How this skill works

It loads selected Whisper-compatible models locally and runs inference via CTranslate2, using GPU when available or optimized CPU quantization otherwise. Distilled models trade minimal accuracy for large speed gains; options control model, language, timestamps, VAD, beam size, and output format.
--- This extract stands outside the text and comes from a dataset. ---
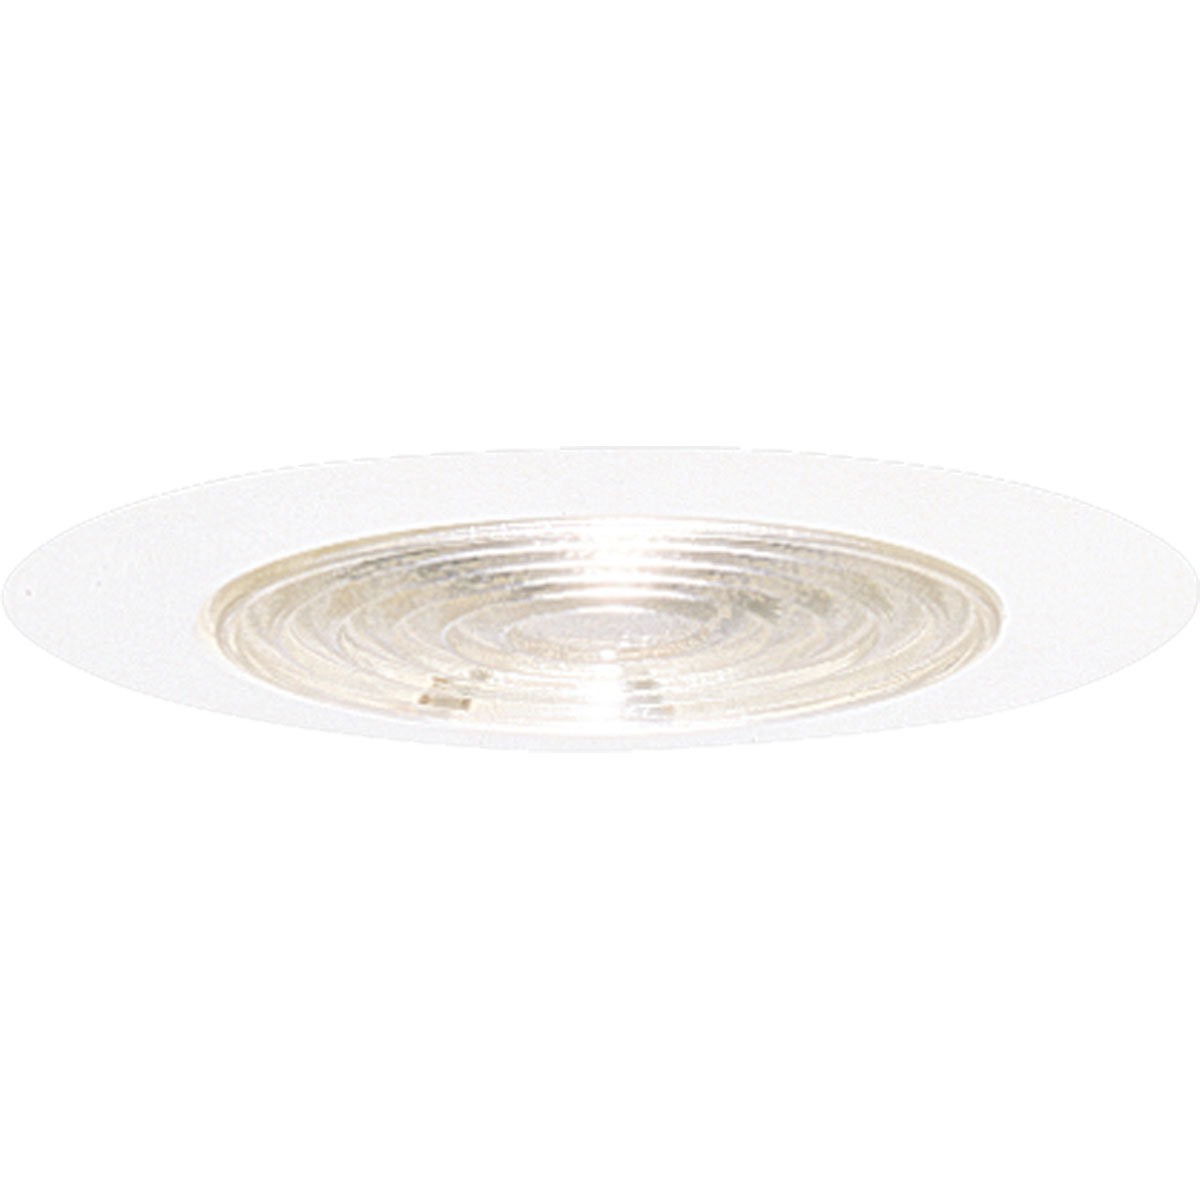 6 in Fresnel Lens Shower Light with Reflector with Fresnel Glass lens and bright white powdered painted metal flange. 7-3/4 in outside diameter.
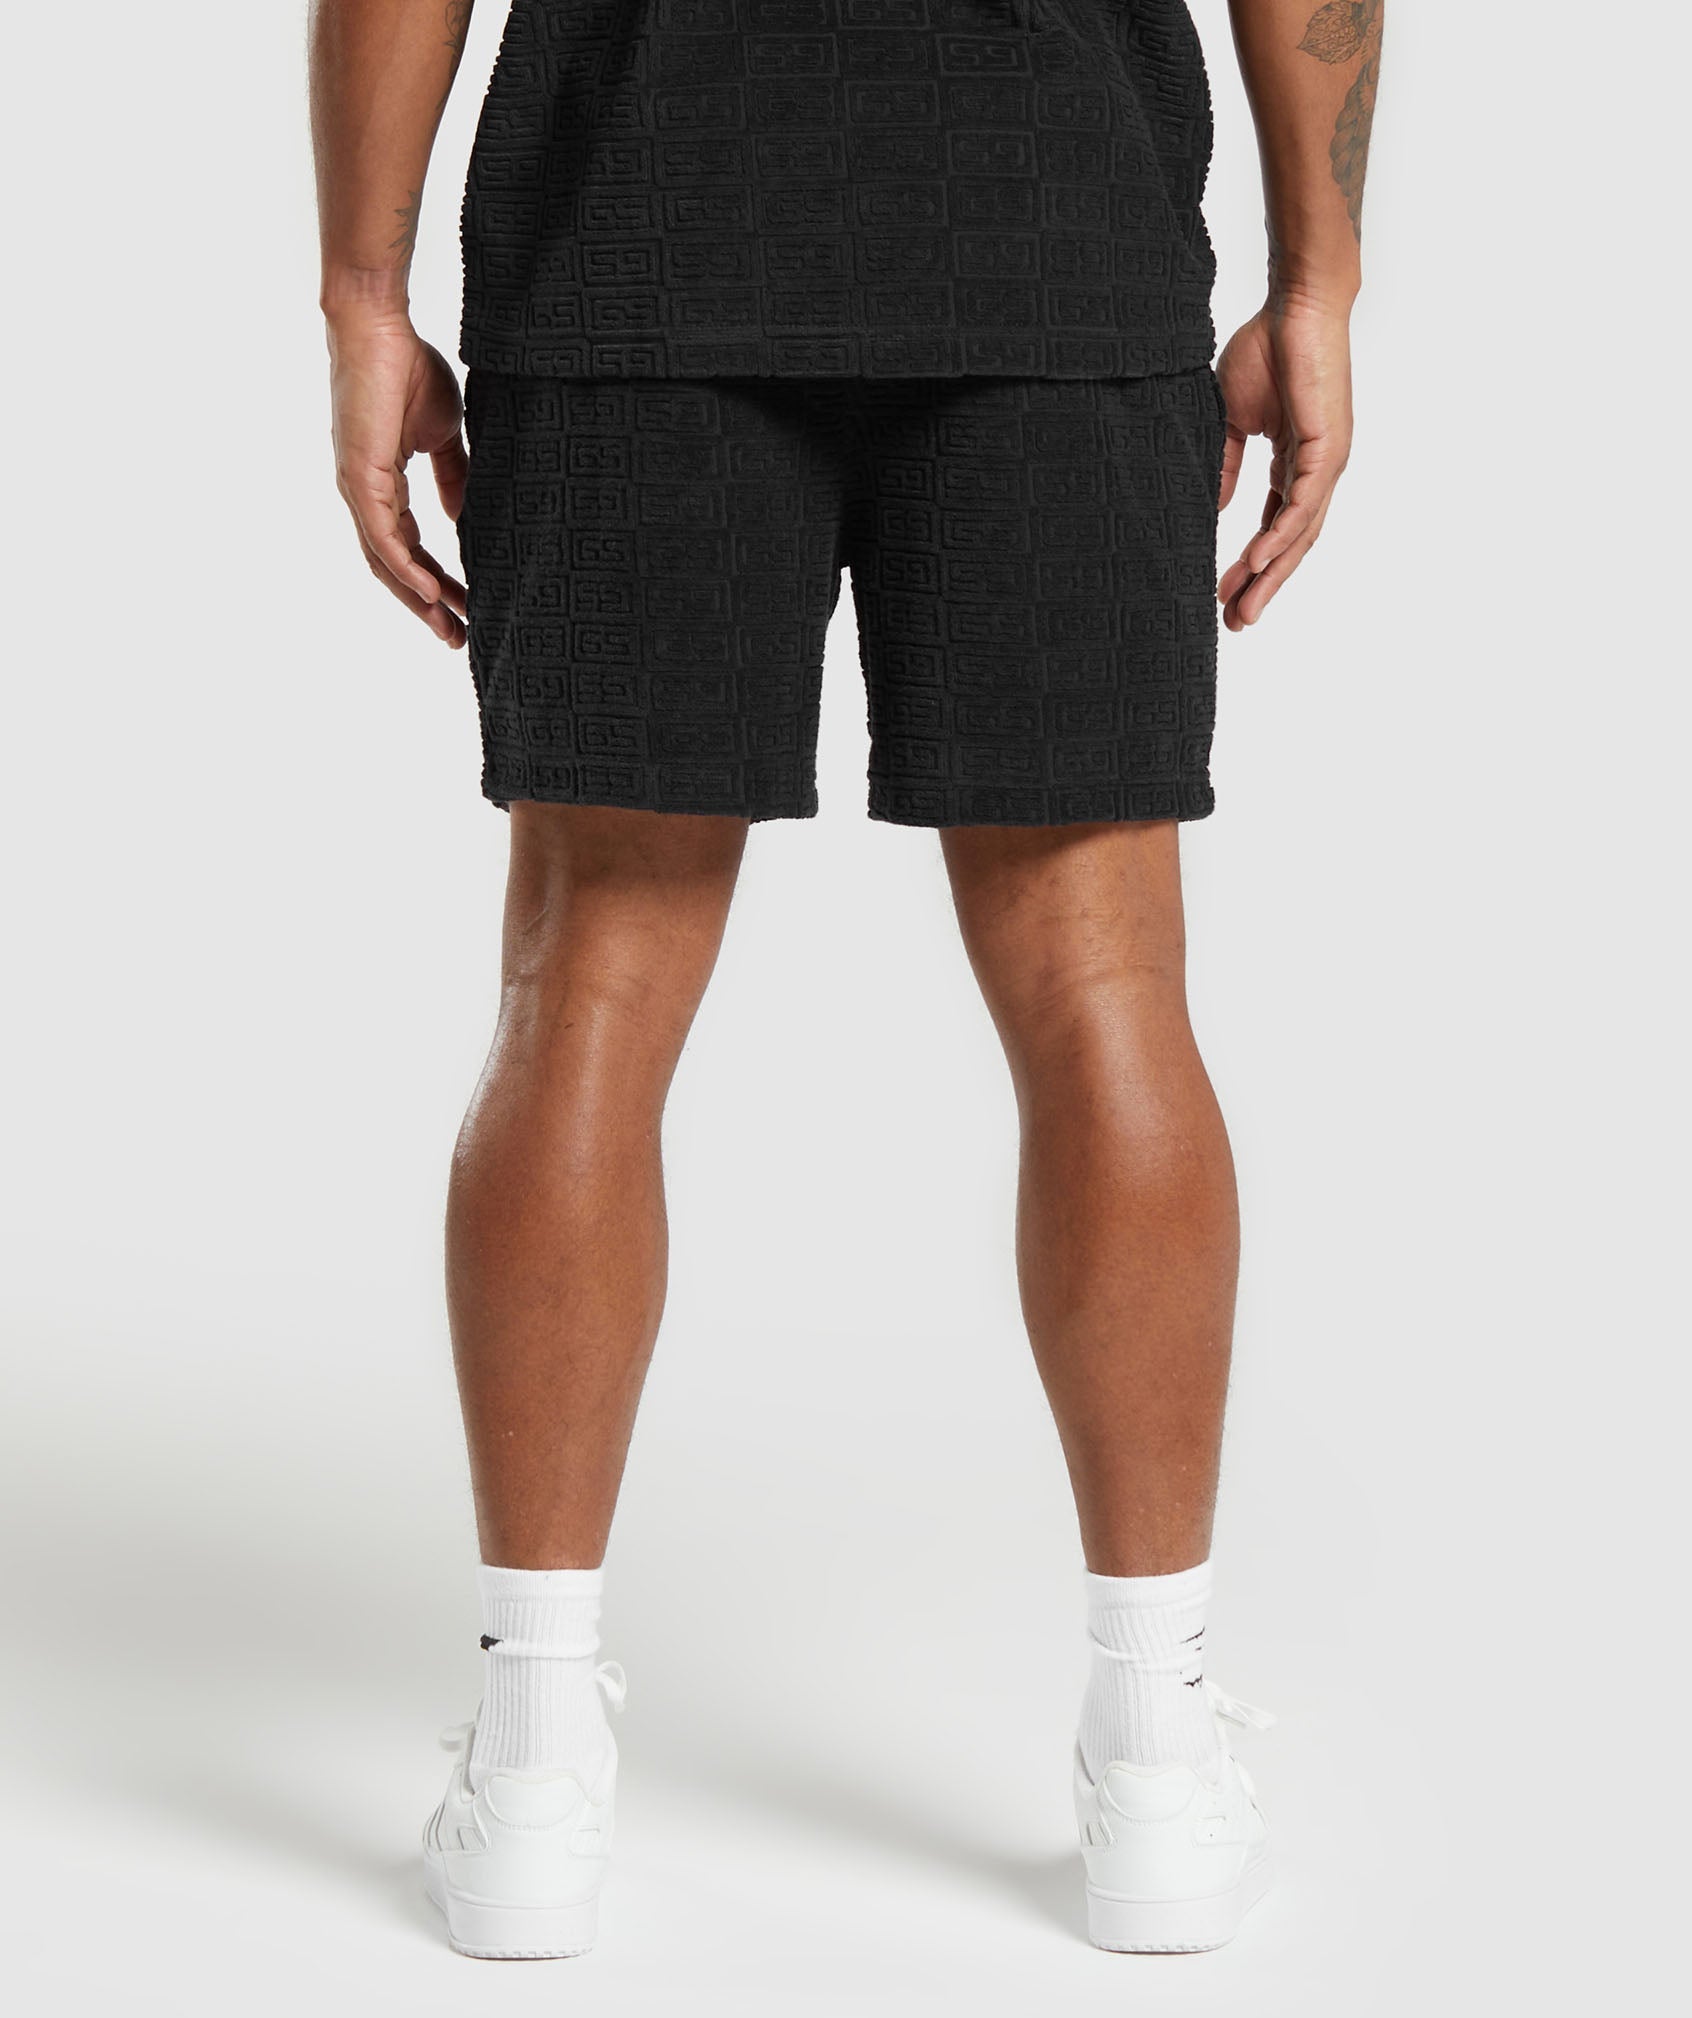 Towelling 7" Shorts

Files are processed via scripts that call the transcribe routine and can output plain text or JSON with timestamps.

When to use it

  • Transcribing meetings, interviews, podcasts, lectures, or YouTube audio locally
  • Batch-processing large collections of audio or video files without API costs
  • Generating subtitles or captions with word-level timestamps
  • Transcribing multilingual audio with auto-detection or explicit language settings
  • When you need offline transcription and control over model choice and compute

Best practices

  • Always use GPU if available; setup scripts try to auto-detect and install CUDA-aware PyTorch
  • Start with distil-large-v3 for a balance of speed and accuracy; use large-v3-turbo for max accuracy
  • Specify --language when you know it to skip auto-detection and save time
  • Use --word-timestamps for subtitle workflows and --json for programmatic pipelines
  • If you hit memory limits, switch to a smaller model or use --compute-type int8

Example use cases

  • Quickly transcribe a podcast episode and output JSON for indexing or search
  • Batch convert a folder of lecture recordings to text with timestamps for captioning
  • Extract audio from YouTube with yt-dlp and run fast local transcription for notes
  • Run high-accuracy transcripts for research interviews using large-v3-turbo and higher beam-size
  • Process multilingual conference recordings with auto-detection and per-language outputs

FAQ

How much faster is this than Whisper?

Typical speed is 4–6x faster than original Whisper on CPU; with a CUDA GPU you can expect ~20x realtime.

Which model should I pick for speed vs. accuracy?

Use distil-large-v3 as the default speed/accuracy balance. Choose distil-medium.en or distil-small.en for English-only, resource-constrained scenarios, and large-v3-turbo when you need maximum accuracy.